This week, Microsoft’s Linux package repositories suffered a hiatus for hours, followed by performance issues that spanned a day.
Users who trust packages.microsoft.com repository for extracting Linux distributions, including Ubuntu, Debian, CentOS, OpenSUSE, and Fedora received errors.
Microsoft engineers have recognized the problem and are working to find a solution.
Microsoft’s Linux repositories crash
The packages.microsoft.com repository went down this week due to an extended outage.
Linux and Solaris specialist Štefan Jarina first mentioned the issue on June 16, about a bunch of “404 not found” errors appearing when downloading “.deb” files from the repository.
Jarina’s report was later confirmed by other engineers who experienced the problem, and some saw “500 Internal Server Error” messages when trying to extract Debian packages.
Microsoft engineer Rahul Bhandari chimed in on the same GitHub thread to confirm:
“Our infrastructure team is working on this. There is a problem with some of the mirrors in packages.microsoft.com so according to them, the current ETA to solve this problem is in the next two hours, “said Bhandari.
Bhandari later confirmed that some storage problems were the main cause of these problems.
While the problem was being investigated, several users requested an “incident response report”, on why the mirror sites had also failed in this outage and why it was a recurring problem.
“Will there be an incident report in response to this? I would be particularly interested in why the mirror sites were not available or, if they are available, why there is a single point of failure that affects them all.”

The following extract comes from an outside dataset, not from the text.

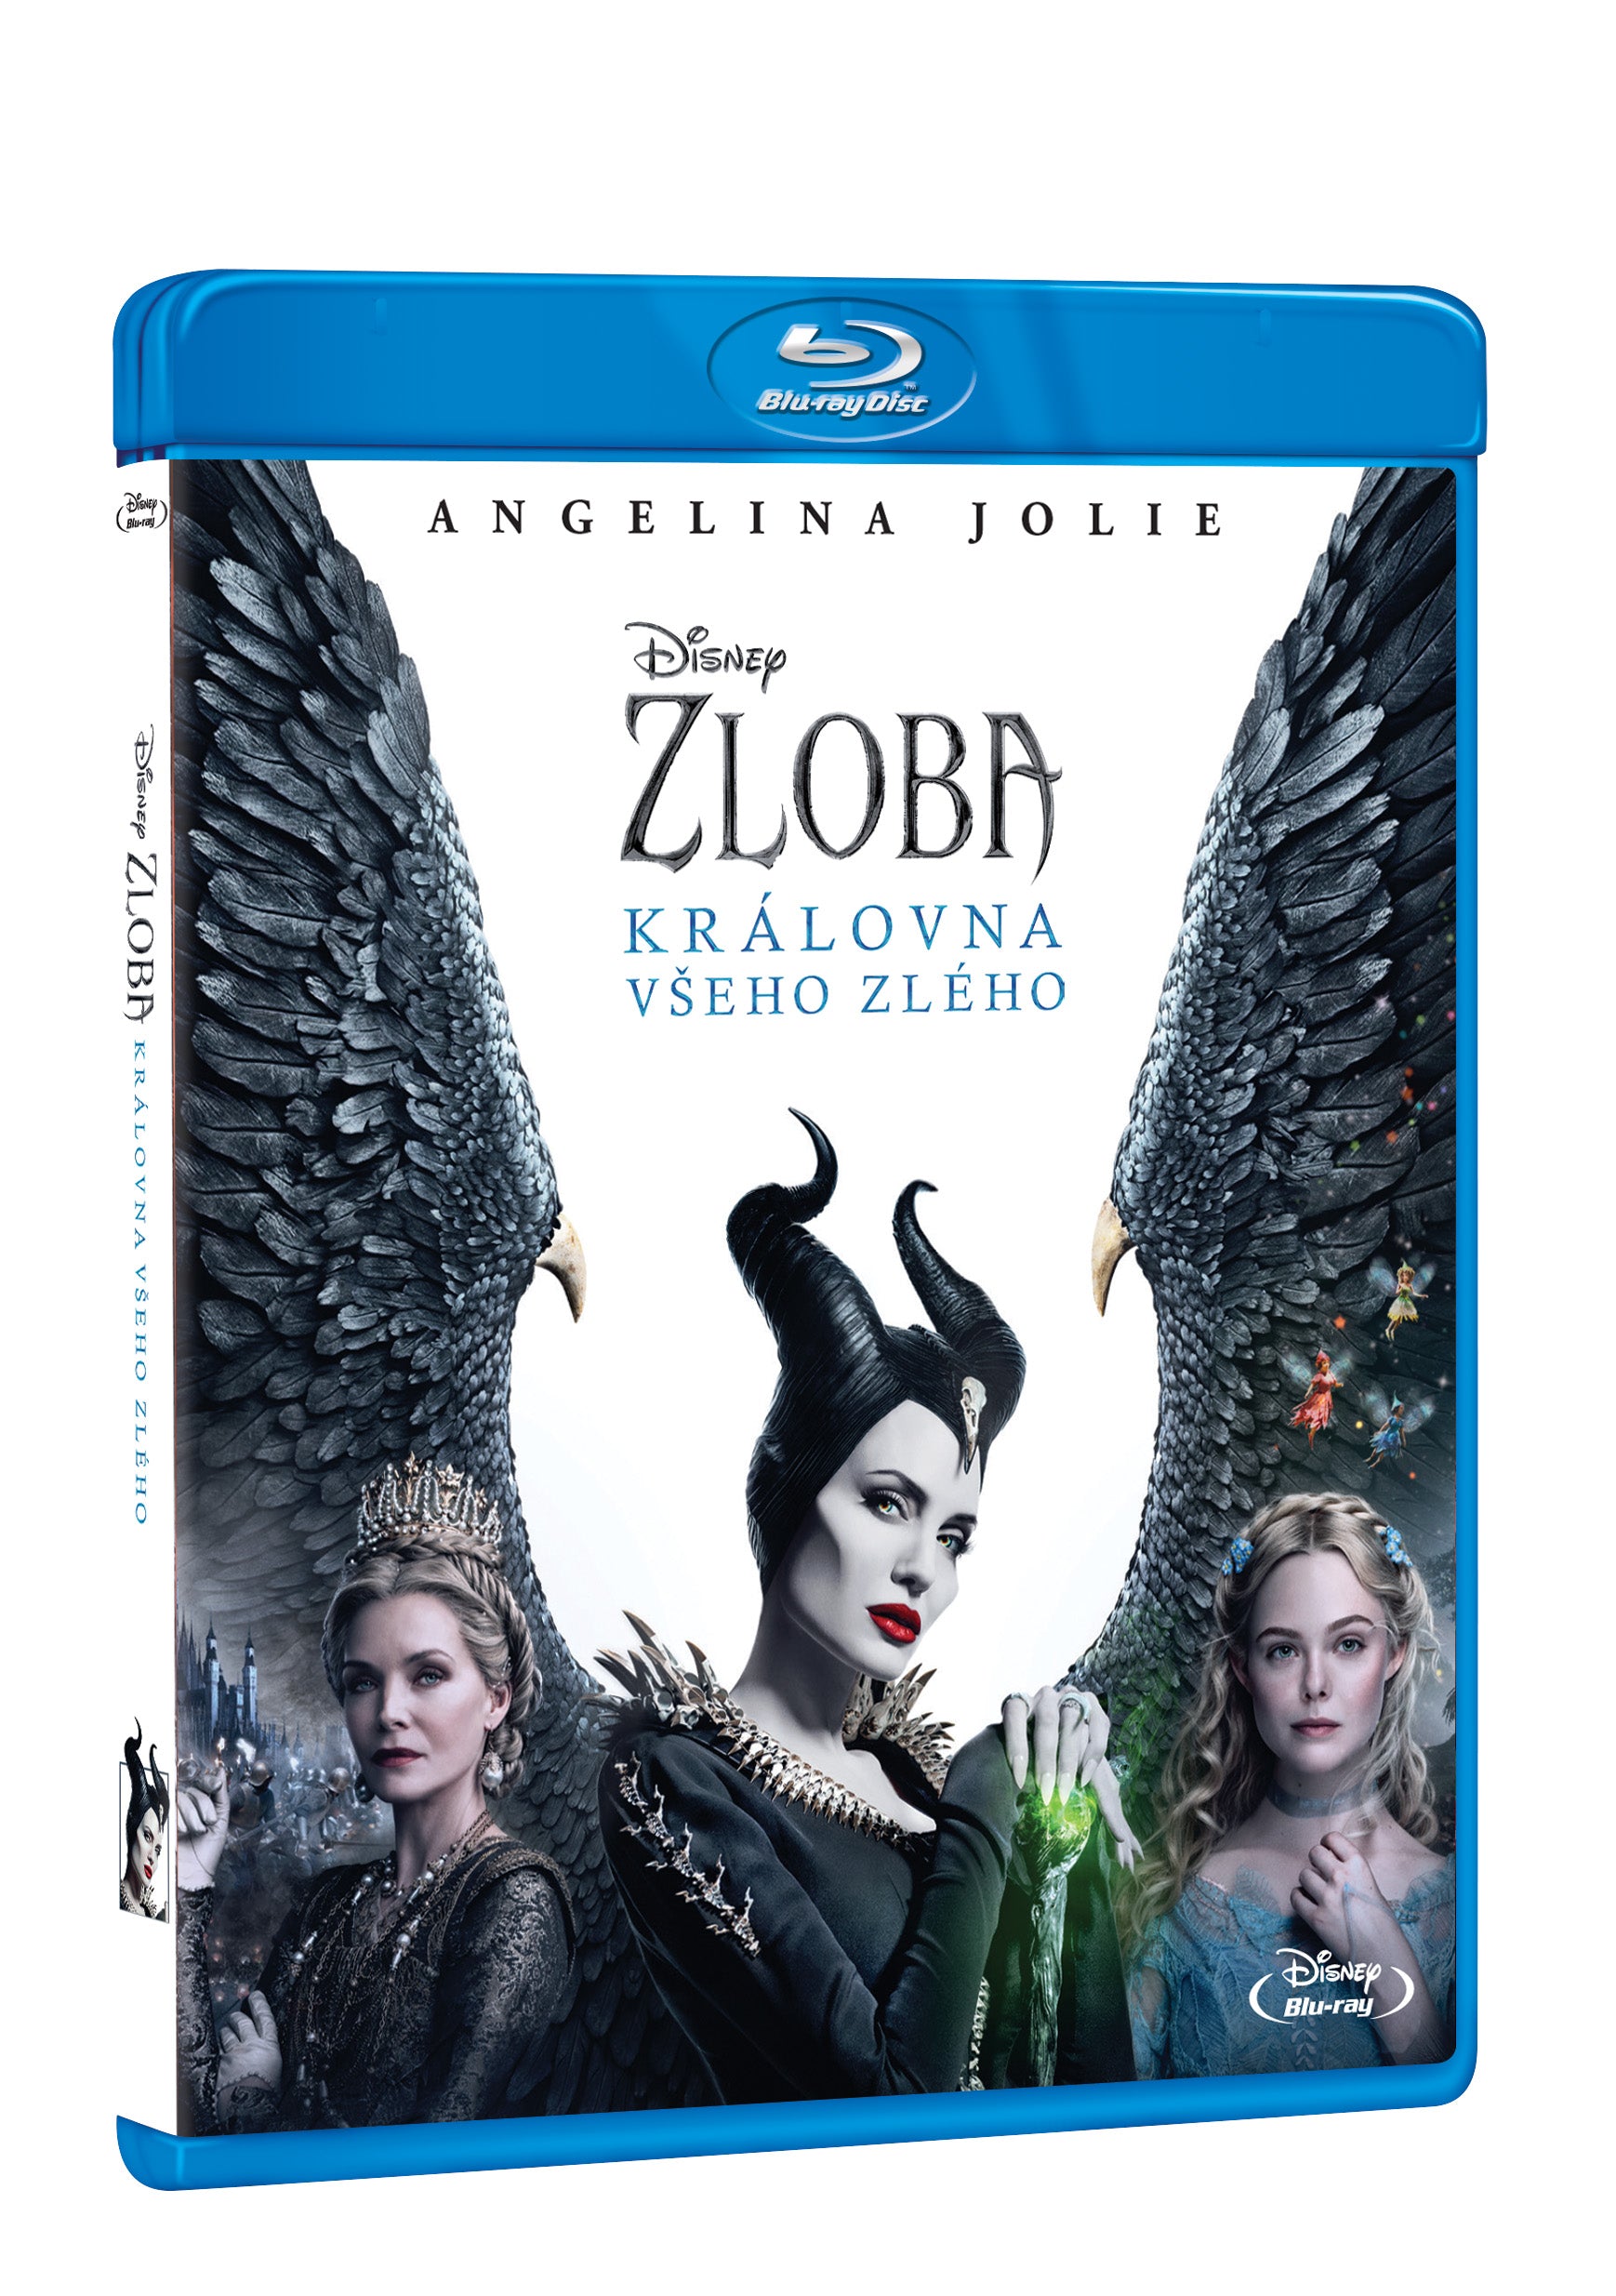 Zloba: Kralovna vseho zleho BD / Maleficent: Mistress of Evil - Czech version

“We have faced issues in the past where packages failed when a deployment was running, but a catastrophic failure of this nature would have affected many production workloads today.”
“Package managers are the backbone of our industry and we must be able to trust them.”
“I have been forced to remove dependency on Microsoft package repositories in favor of self-hosted ones for the time being, which is unnecessary manual maintenance that I would like to avoid if possible.” set engineer Michael Armitage.
Replaces, but users experience degraded performance
Although Microsoft’s initial ETA to resolve the issue was “approximately two hours”, the issue spread well more than 14 hours, and users continue to experience degraded performance.
Microsoft’s chief engineering officer, Ravindra Bhartiya, said:
“We had an incident with packages.microsoft.com which caused the packages to be unavailable. “
“Our engineering team has mitigated the problem and our internal data shows an improvement in availability.”
“If you still have problems, please provide us with more information (” apt-get update | install “output) and we can investigate further,” said Bhartiya.
But even today, at the time of writing, users are complaining about slow download speeds when retrieving packages from Microsoft’s repositories:
Some downloads reportedly took two or three to complete, prompting users to investigate workarounds. Although it seems that performance and availability are slowly improving and getting back to normal.
Large-scale disruptions of critical systems and CDNs have become a common occurrence of late.
Interestingly, the timing of this outage coincides with the Akamai outage that affected leading Australian banks and organizations yesterday, although the two incidents appear to be unrelated.